High availability (HA) is one of the basic requirements for nowadays enterprise applications. Enterprise systems operating today are subject to continuous program execution, that is 24 hours a day and 7 days a week. There is no longer the concept of “overnight” or “planned downtime.” All programs and data must be available at any point during the day and night. Any outages or deteriorated service can result in loss of revenue as customers simply take their business elsewhere, and the enterprise stops to function on a global scale.
Databases vendors may use several different strategies to implement high availability for a data storage system. The implementation of high availability for a data storage is a complex technical problem and uses strategies that typically require special and expensive hardware or a special configuration of databases that brings limitations for the provided features. High availability may be provided to an application when it is able to survive, for example, a crash on the database server that stores data for the application.

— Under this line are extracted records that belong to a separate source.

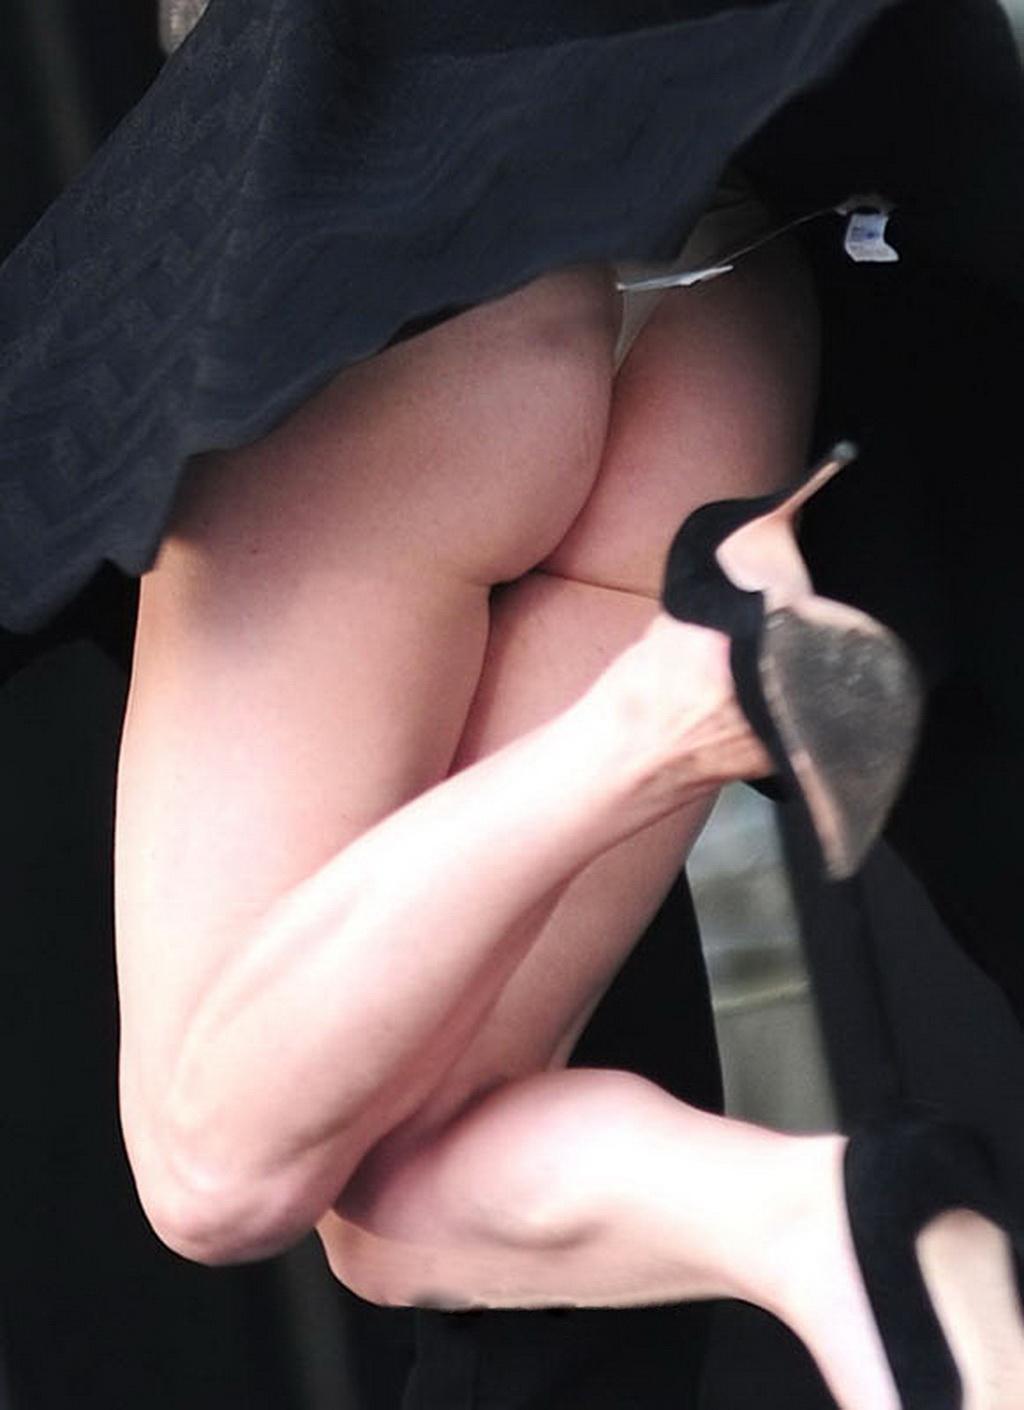 http://3.bp.blogspot.com/-5FN7rmrSSw8/T60r-EDMq5I/AAAAAAAAdxo/ekJI_0h2Dg8/s1600/milla_jovovich_15.jpg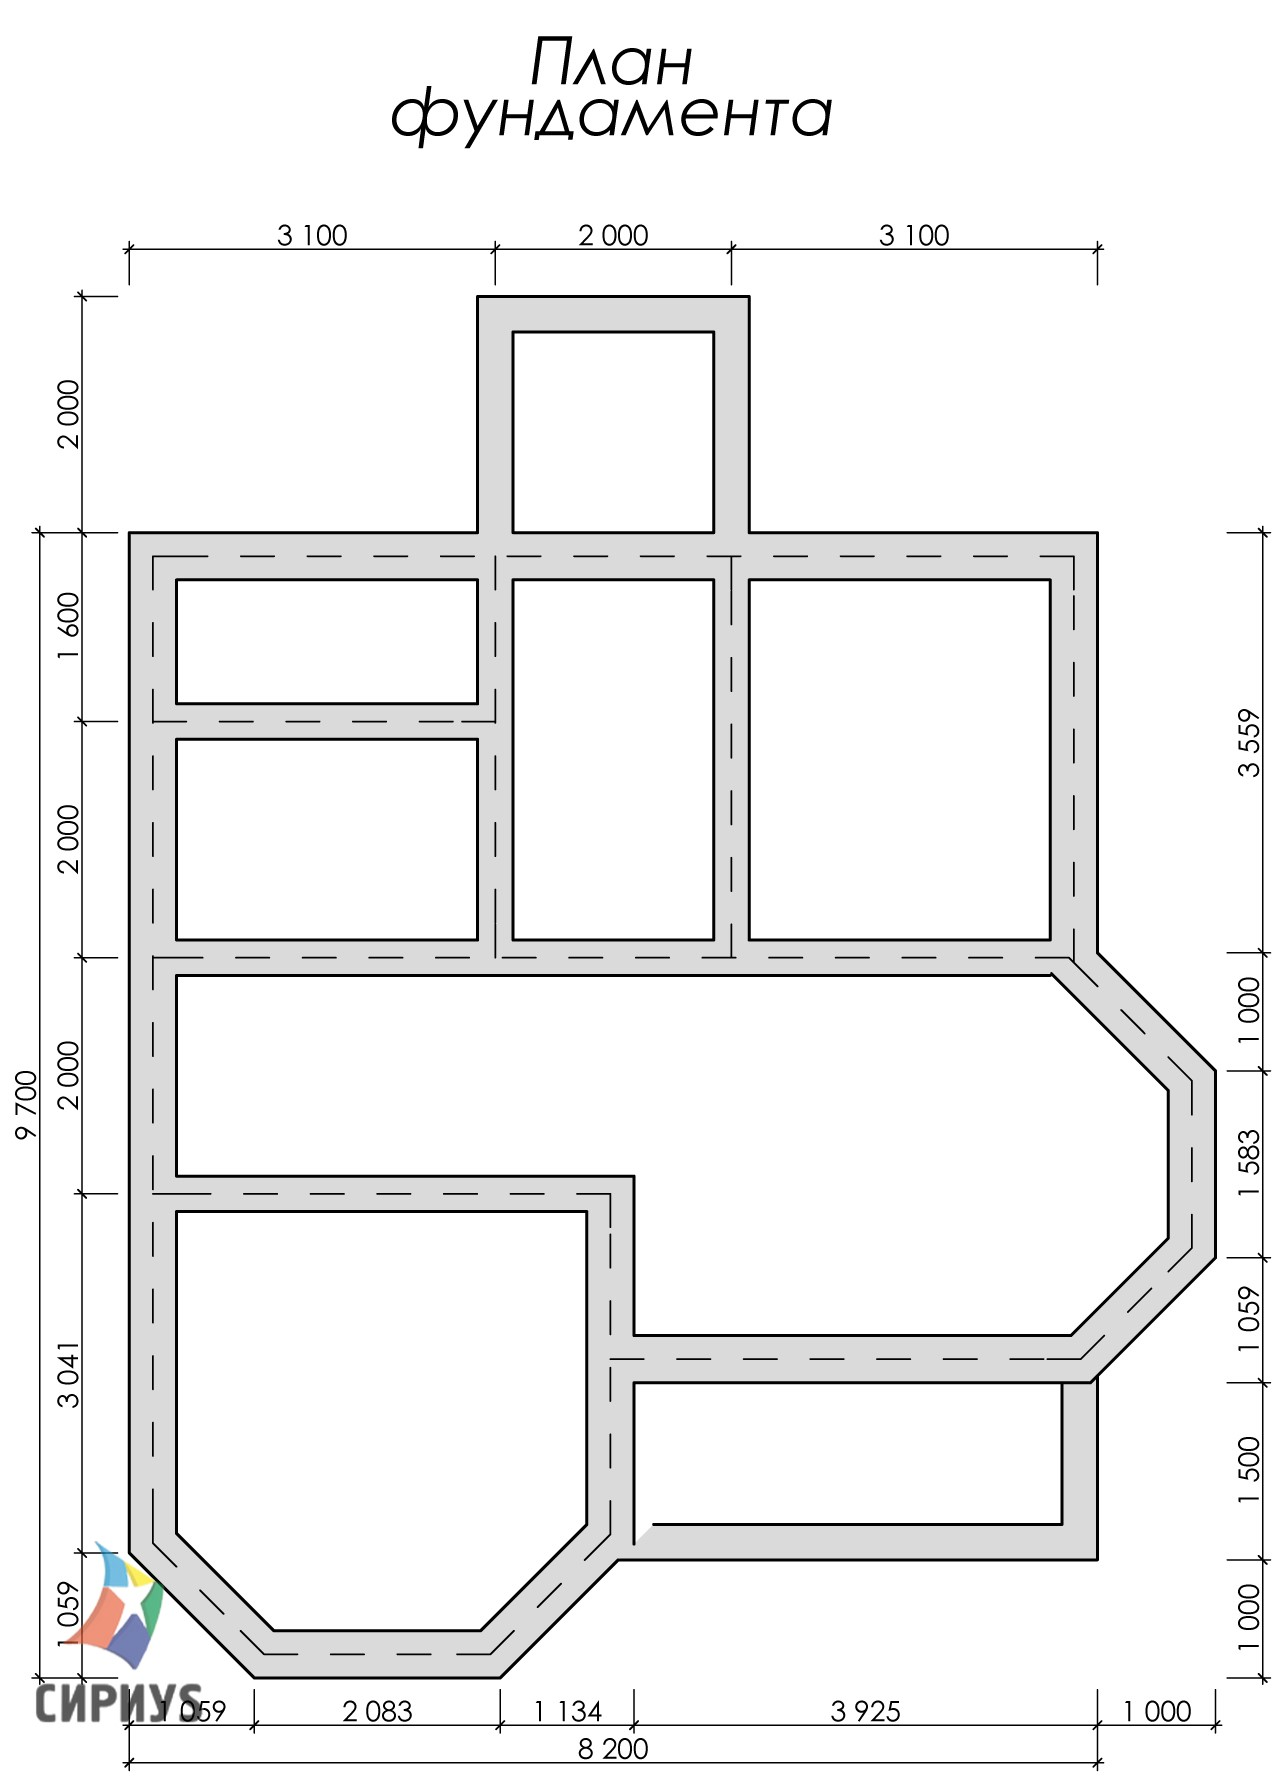 Дом из бруса БСУ-УС 55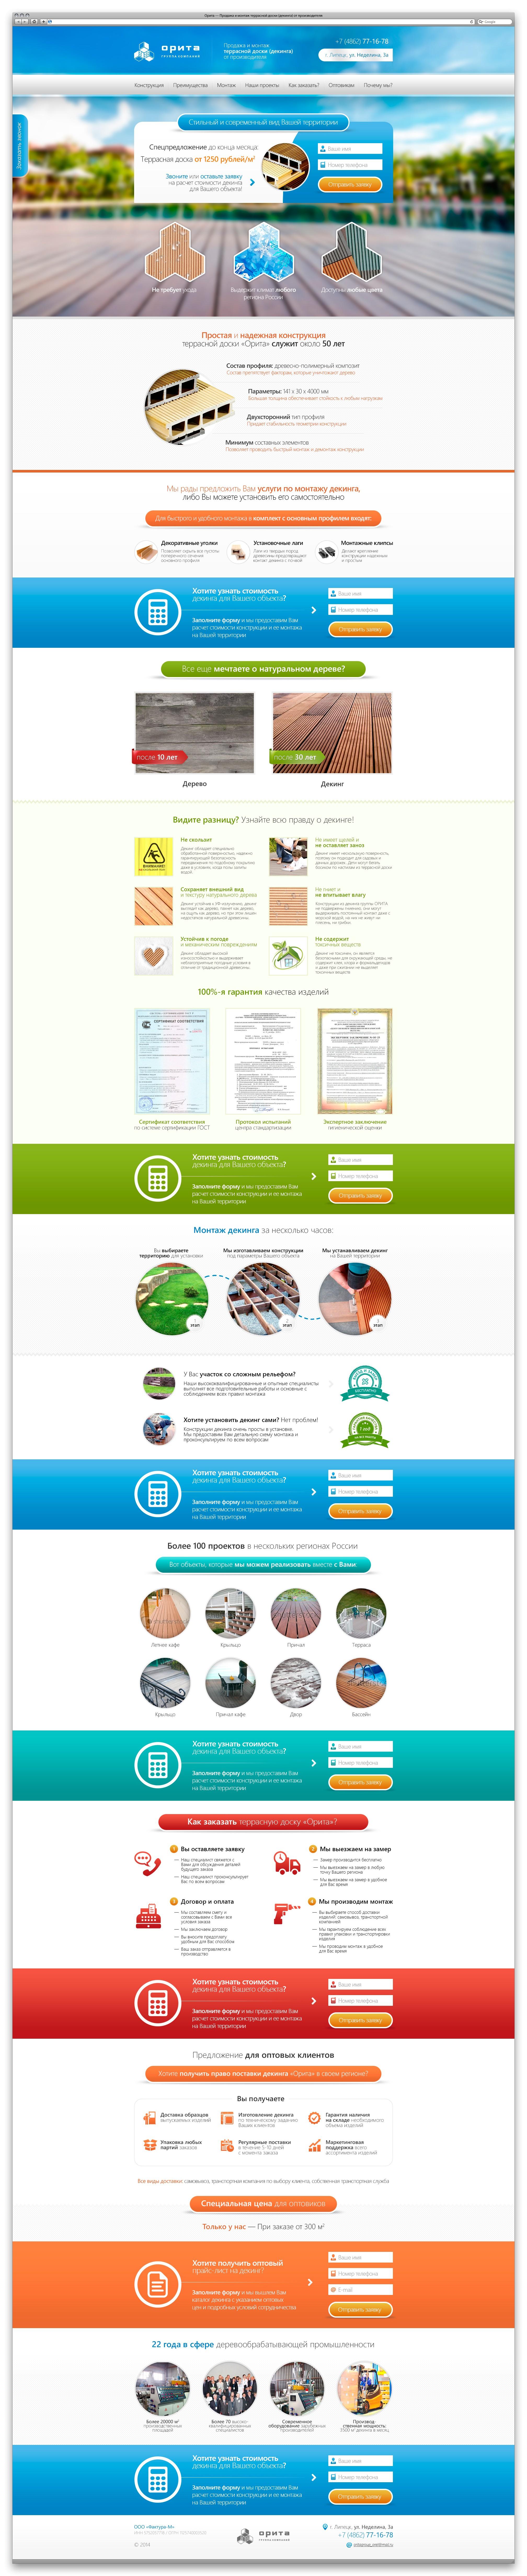 Дизайн посадочной страницы (landing page) для Группы компаний «Орита». Продажа и монтаж террасной доски.

A traditional approach of providing high availability to an application uses a storage area network (SAN). A SAN is a high performance dedicated network used primarily to provide fast and reliable communication between computers and storage devices in a shared storage networking environment. The SAN also enables a storage device to communicate with another storage device. Software solutions at the database level, however, are complex and expensive. For example, a database within a cluster may be a “share everything” database in which all data files, control files, and redo log files used by the database reside on a shared storage that is accessible by all other database instances. This traditional approach is typically expensive and proprietary.